Twitter's *following* system connects people and creates networks. Its asymmetric model allow users to follow any other user even if there is no reciprocation, unlike other social media like Facebook and LinkedIn, that require the mutual acceptance of a connection between users (which usually implies a some kind of real-world connection).

- Twitter's asymmetric *following* model allows people to keep up with their interests

Interest graphs are a way of modeling connections between people and their interests. Interest graphs can be mined in order to measure correlations between users and interests and make recommendations ranging from whom to follow on Twitter to what to purchase online to whom you should date.

- Mining Twitter provides a way to discover people's opinions and interests 

###Creating a connection to Twitter

1. Create an app on Twitter
    1. Go to [https://apps.twitter.com/](https://apps.twitter.com/)
    2. Login with your user account
    3. Click on Create new app
    4. Fill in the form, accept the agreement and click on Create your Twitter application
    5. Go to Keys and Access Tokens tab
    6. Scroll down and click on Create my access token
    7. Create a script named `credentials.py` (do not share it with anyone else) than contains this code:
```
TW_CONSUMER_KEY = 'Consumer Key (API Key)'
TW_CONSUMER_SECRET = 'Consumer Secret (API Secret)'
TW_ACCESS_TOKEN = 'Access Token'
TW_ACCESS_TOKEN_SECRET = 'Access Token Secret'
```
2. Authorize your application to access Twitter

In [11]:
import credentials
import twitter

CONSUMER_KEY = credentials.TW_CONSUMER_KEY
CONSUMER_SECRET = credentials.TW_CONSUMER_SECRET
ACCESS_TOKEN = credentials.TW_ACCESS_TOKEN
ACCESS_TOKEN_SECRET = credentials.TW_ACCESS_TOKEN_SECRET

auth = twitter.oauth.OAuth(
    ACCESS_TOKEN,
    ACCESS_TOKEN_SECRET,
    CONSUMER_KEY,
    CONSUMER_SECRET
)

twitter_api = twitter.Twitter(auth=auth)

###Trending topics

Two options:
- Global
- Specific location (via [Yahoo!
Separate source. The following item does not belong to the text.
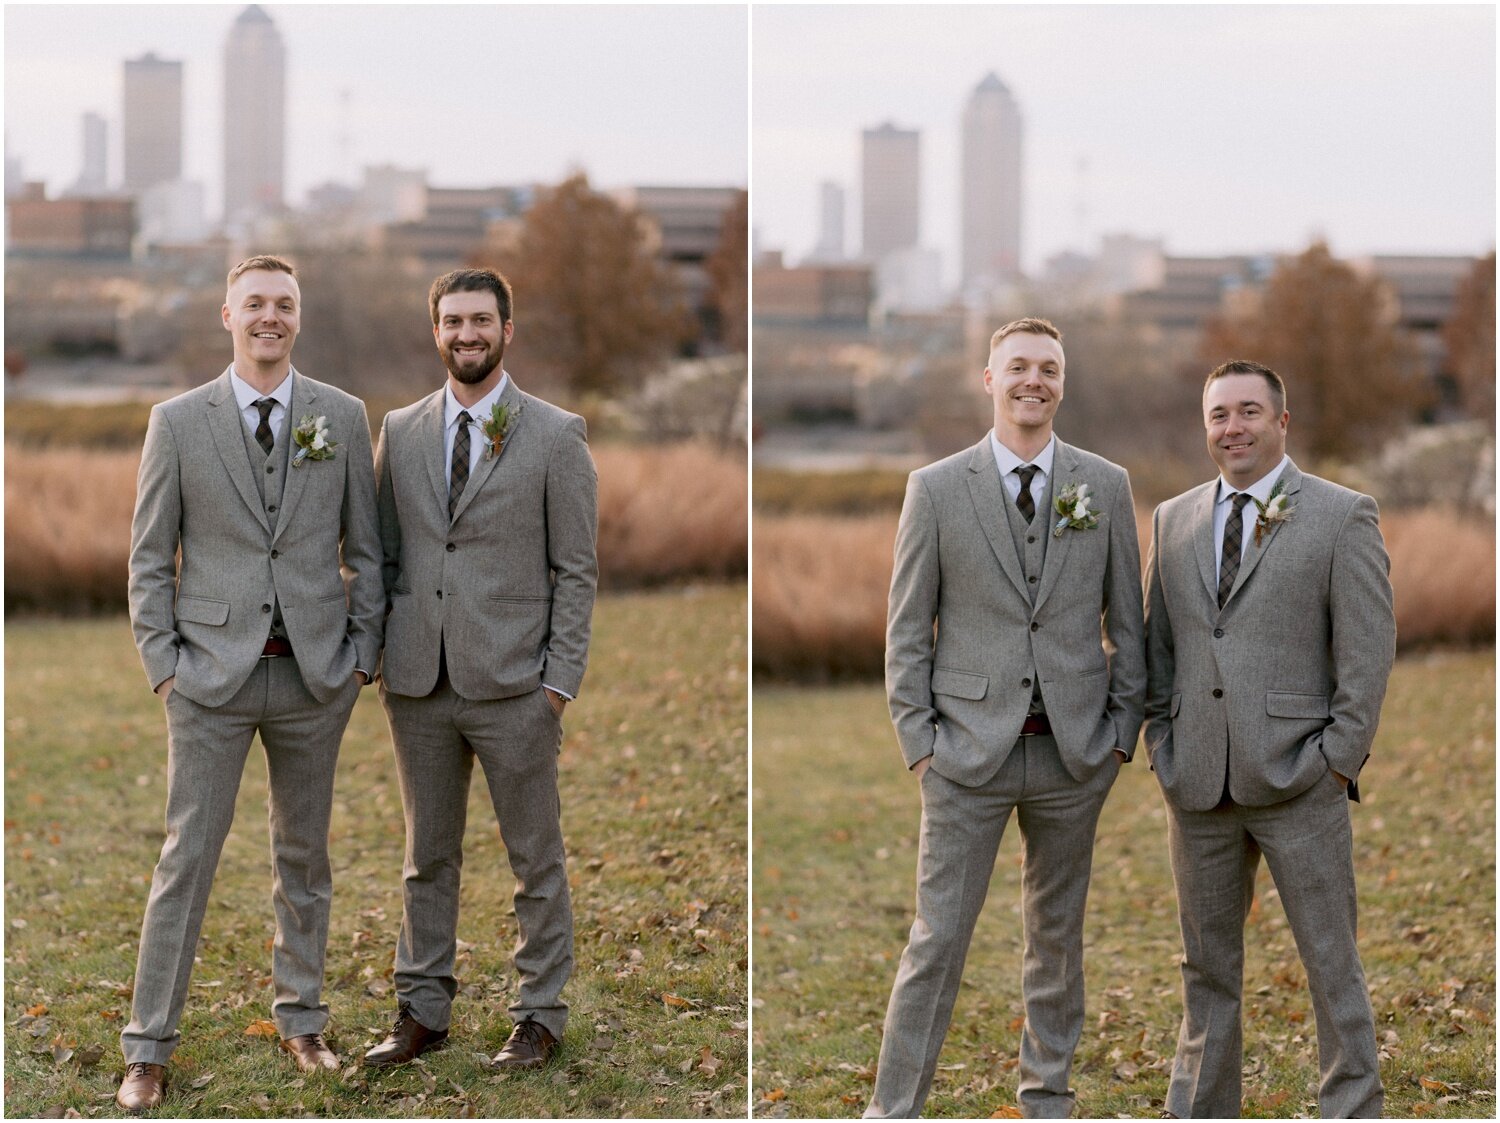 Andrew Ferren Photography - Des Moines Iowa Wedding Photographer - Destination - Engagement - Videography - Videographer - The River Center55.jpg

GeoPlanet](https://developer.yahoo.com/geo/geoplanet/)'s Where On Earth (WOE) ID)

In [19]:
GLOBAL_WOE_ID = 1 # Worldwide
CA_WOE_ID = 23424775 # Canada

global_trends = twitter_api.trends.place(_id=GLOBAL_WOE_ID)
ca_trends = twitter_api.trends.place(_id=CA_WOE_ID)

In [33]:
# Auxiliar function to print json in a friendly format
import json

def print_friendly_json(d):
    print json.dumps(d, indent=2)

In [34]:
print_friendly_json(global_trends)

[
  {
    "created_at": "2015-04-04T02:34:43Z", 
    "trends": [
      {
        "url": "http://twitter.com/search?q=%23SosFlorDePelotudoSi", 
        "query": "%23SosFlorDePelotudoSi", 
        "name": "#SosFlorDePelotudoSi", 
        "promoted_content": null
      }, 
      {
        "url": "http://twitter.com/search?q=%23BatuquemosPorAmandaFinalista", 
        "query": "%23BatuquemosPorAmandaFinalista", 
        "name": "#BatuquemosPorAmandaFinalista", 
        "promoted_content": null
      }, 
      {
        "url": "http://twitter.com/search?q=%23BSBTheMovie", 
        "query": "%23BSBTheMovie", 
        "name": "#BSBTheMovie", 
        "promoted_content": null
      }, 
      {
        "url": "http://twitter.com/search?q=%23%D9%81%D8%B1%D9%8A%D9%82_%D8%AA%D8%AD%D8%AA%D8%B1%D9%85%D9%87_%D9%84%D9%83%D9%86_%D9%84%D8%A7%D8%AA%D8%B4%D8%AC%D8%B9%D9%87", 
        "query": "%23%D9%81%D8%B1%D9%8A%D9%82_%D8%AA%D8%AD%D8%AA%D8%B1%D9%85%D9%87_%D9%84%D9%83%D9%86_%D9%84%D8%A7%D8%AA%D8%B4%D8%AC

In [35]:
print_friendly_json(ca_trends)

[
  {
    "created_at": "2015-04-04T02:34:43Z", 
    "trends": [
      {
        "url": "http://twitter.com/search?q=%23CuffMeDanny", 
        "query": "%23CuffMeDanny", 
        "name": "#CuffMeDanny", 
        "promoted_content": null
      }, 
      {
        "url": "http://twitter.com/search?q=%23MakeAQuoteWhiny", 
        "query": "%23MakeAQuoteWhiny", 
        "name": "#MakeAQuoteWhiny", 
        "promoted_content": null
      }, 
      {
        "url": "http://twitter.com/search?q=%23BlueJaysMTL", 
        "query": "%23BlueJaysMTL", 
        "name": "#BlueJaysMTL", 
        "promoted_content": null
      }, 
      {
        "url": "http://twitter.com/search?q=Tokarski", 
        "query": "Tokarski", 
        "name": "Tokarski", 
        "promoted_content": null
      }, 
      {
        "url": "http://twitter.com/search?q=%23GraceShow", 
        "query": "%23GraceShow", 
        "name": "#GraceShow", 
        "promoted_content": null
      }, 
      {
        "url": "http://twit

####Exercise 1
What Canadian trending topics are worldwide trending topics?
1. Calculate the set of global trending topics (use list comprehensions)
2. Calculate the set of Canadian trending topics (use list comprehensions)
3. Calculate the intersection of both sets

In [27]:
global_trends_list = [trend['name'] for trend in global_trends[0]['trends']]
global_trends_set = set(global_trends_list)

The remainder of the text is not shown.